Author: Sam Cowie São Paulo
Investigation
Authorities say he was shot in the head during an ambush by illegal loggers who had invaded the reservation. Another indigenous man, Tainaky Tenetehar, was injured in the attack.
Brazilian police said one of the loggers was also killed in a subsequent shootout. Brazil’s pan-indigenous organization APIB said Paulo Paulino Guajajara’s body was still lying in the forest where he was gunned down.
Source: Arab News
Federal police will investigate Guajajara’s killing in order to “bring those responsible for this crime to justice,” said Sergio Moro, the justice and public security minister.
An indigenous leader in the area said the forest guards had previously received threats and wore protective vests while on patrol.
“We informed federal agencies of the threats but they didn’t take any action,” leader Sonia Guajajara said.
Source: BBC News
The APIB, which represents many of Brazil’s 900,000 indigenous people, said Mr Bolsonaro’s government had serious questions to answer.
« The Bolsonaro government has indigenous blood on its hands, » it said in a statement.
« The increase in violence in indigenous territories is a direct result of his hateful speeches and steps taken against our people. »
Brazil’s populist President Jair Bolsonaro has drawn intense domestic and international criticism for failing to protect the Guardians’ territory in the eastern Amazon region.
Source: Survival International
A statement from the Guajajara Guardians of Arariboia Indigenous Territory, Brazil
We’ve lost a great warrior in our fight. They murdered our friend, our brother, our tireless companion in the defence of the forest, Paulo Paulino “Lobo” Guajajara.
We’re mourning and our hearts are hurting.
Lobo was killed because he defended our land. Our forest that gives us everything. Our forest without which we cannot live. Lobo was killed for defending life.
There is so much evil in this world. The loggers want to kill us to steal our trees and make money. We are not violent to them, but they are heavily armed. They threaten us. They kill us. They killed our friends, our fellow Guardians Cantidi, Assis and Afonso. And now they’ve killed Lobo.
But his death will not be in vain. It makes us sad and angry, but it gives us strength. One more warrior has been planted in the soil. It will give us the strength to keep fighting to protect our forest for our families, and for the survival of our uncontacted Awá relatives. We will never give up.
We cannot give up because we have a great battle ahead.
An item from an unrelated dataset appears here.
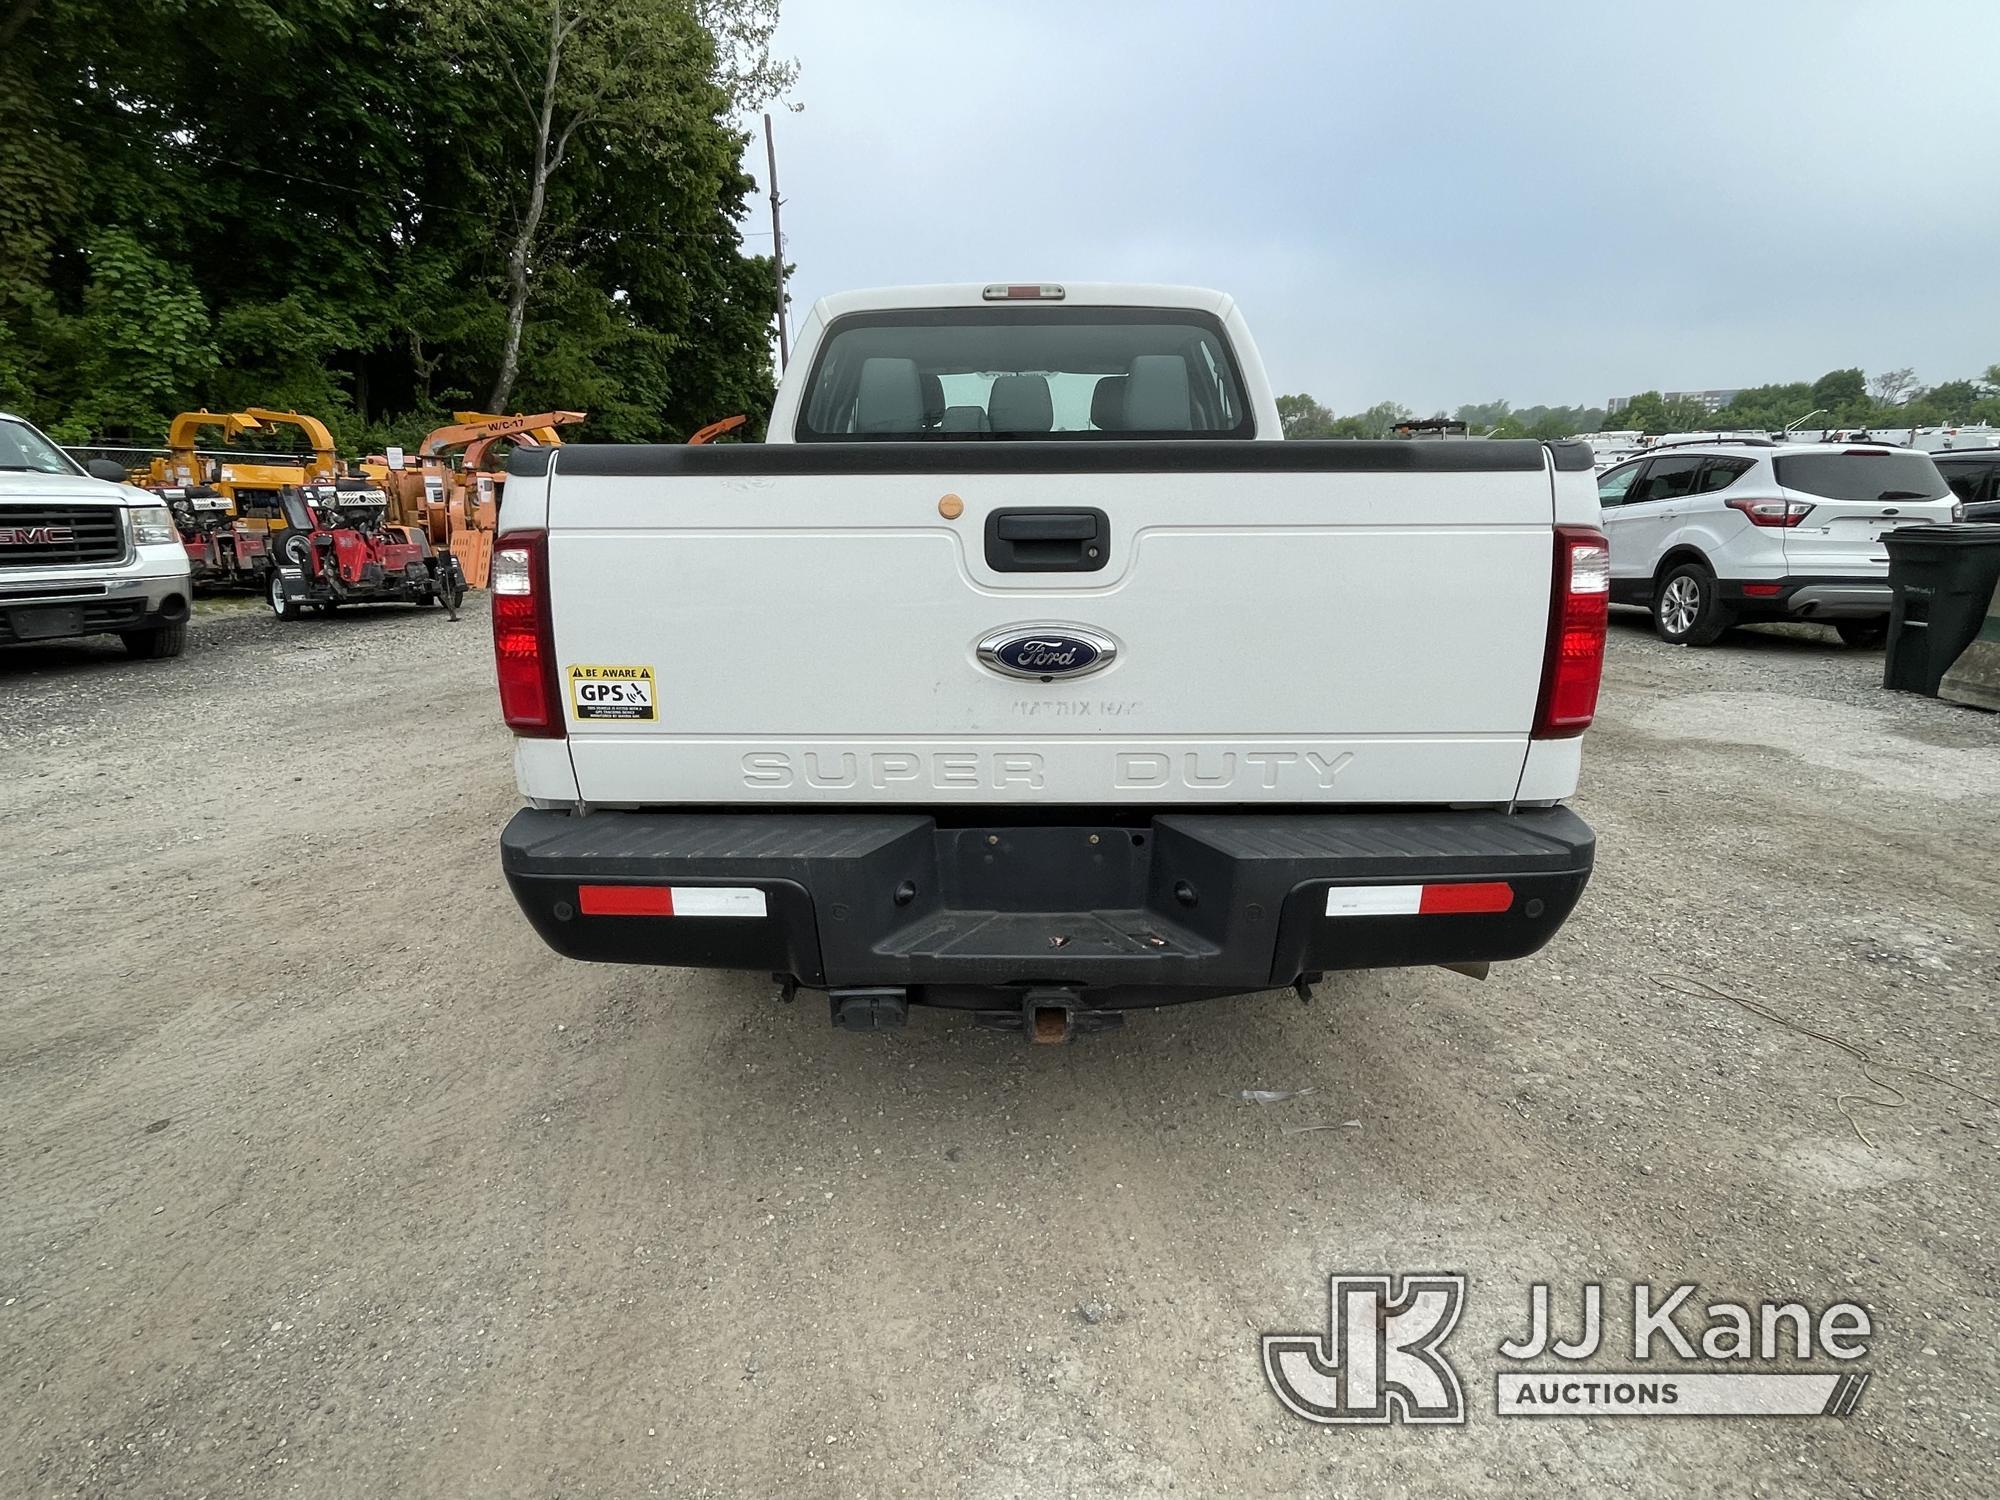 (Plymouth Meeting, PA) 2016 Ford F250 4x4 Crew-Cab Pickup Truck Runs & Moves, Front End Damage, Body

The government has declared itself our enemy. President Bolsonaro said he will not protect indigenous lands. He and others want to open our land to agribusiness. We will never accept that!
We want the government to fulfil its duty to help us defend our forest from illegal invaders and destruction. We want proper security for our land and our lives.
We want the government to investigate Lobo’s murder, and the attack on him and our fellow Guardian Tainaky. We want the killers and the logging mafias behind bars.
We’ve been denouncing the threats and crimes against us for a long time. Lobo and all of us Guardians had often warned the authorities that we could be attacked and killed at any time. Nothing was done. And Lobo was murdered.
Where is justice? We demand justice!
We will continue our struggle to rid our land of loggers. We know it’s working. We’re managing to greatly reduce the destruction.
The protection of our land and its biodiversity has always been our struggle and always will be. It does not depend on politics or money. It is simply a matter of life and death for us, our relatives and future generations.
While we are alive, we will fight for Lobo. We will fight to the last drop of our blood. And we will win. The health of the planet depends on this struggle.
We ask everyone to support our work to defend the lungs of the planet and to defend life. For Lobo, and for everyone, let’s fight to the end.